→ Provided data:
<<<<

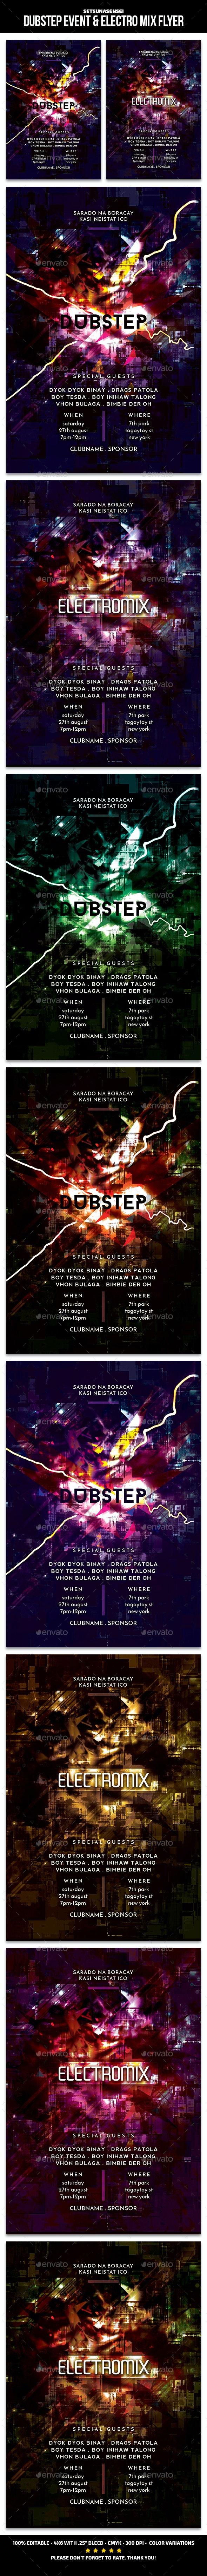 Dubstep Event & Electro Mix Flyer - Events Flyers
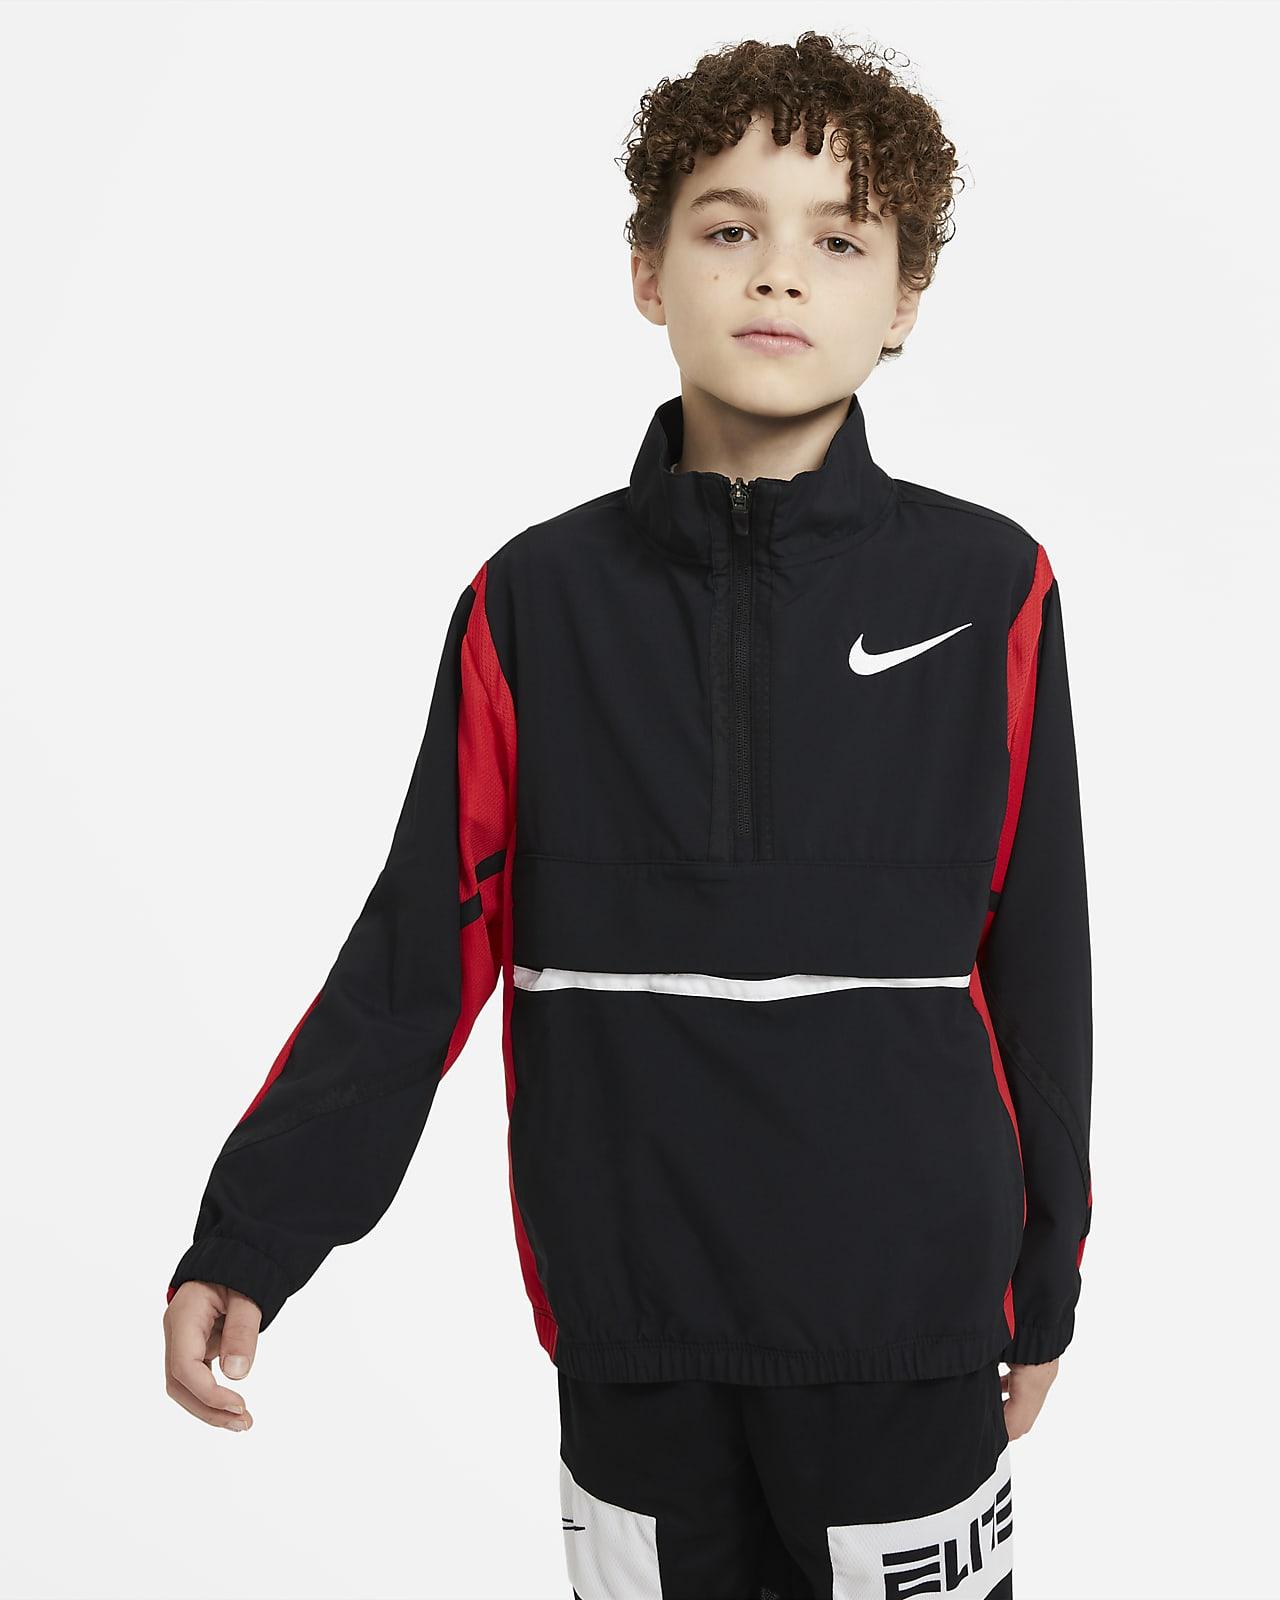 Nike Crossover Chaqueta de baloncesto - Niño
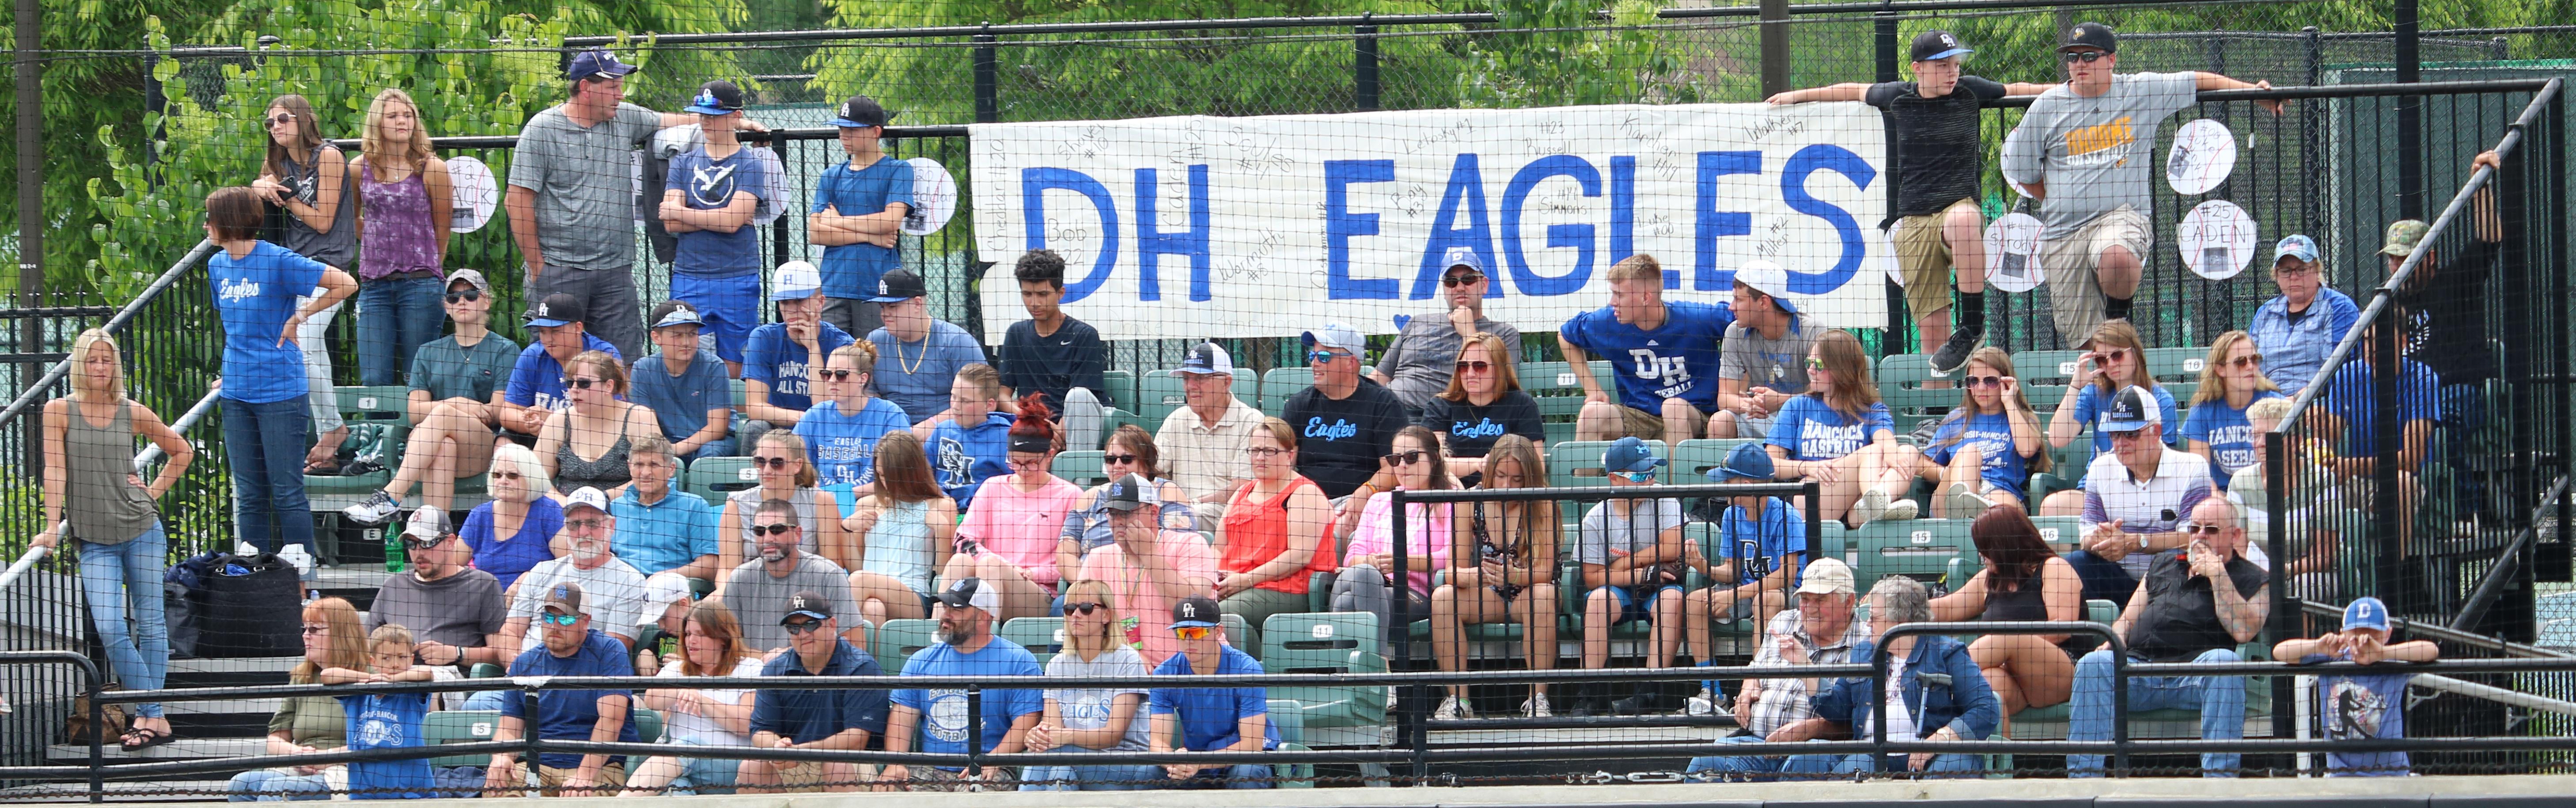 DH Eagles fans (group)

>>>>

→ What the task requires: Write the data out again word for word; leave the pictures behind.

→ Output of the exercise:
 Dubstep Event & Electro Mix Flyer - Events Flyers
 Nike Crossover Chaqueta de baloncesto - Niño
 DH Eagles fans (group)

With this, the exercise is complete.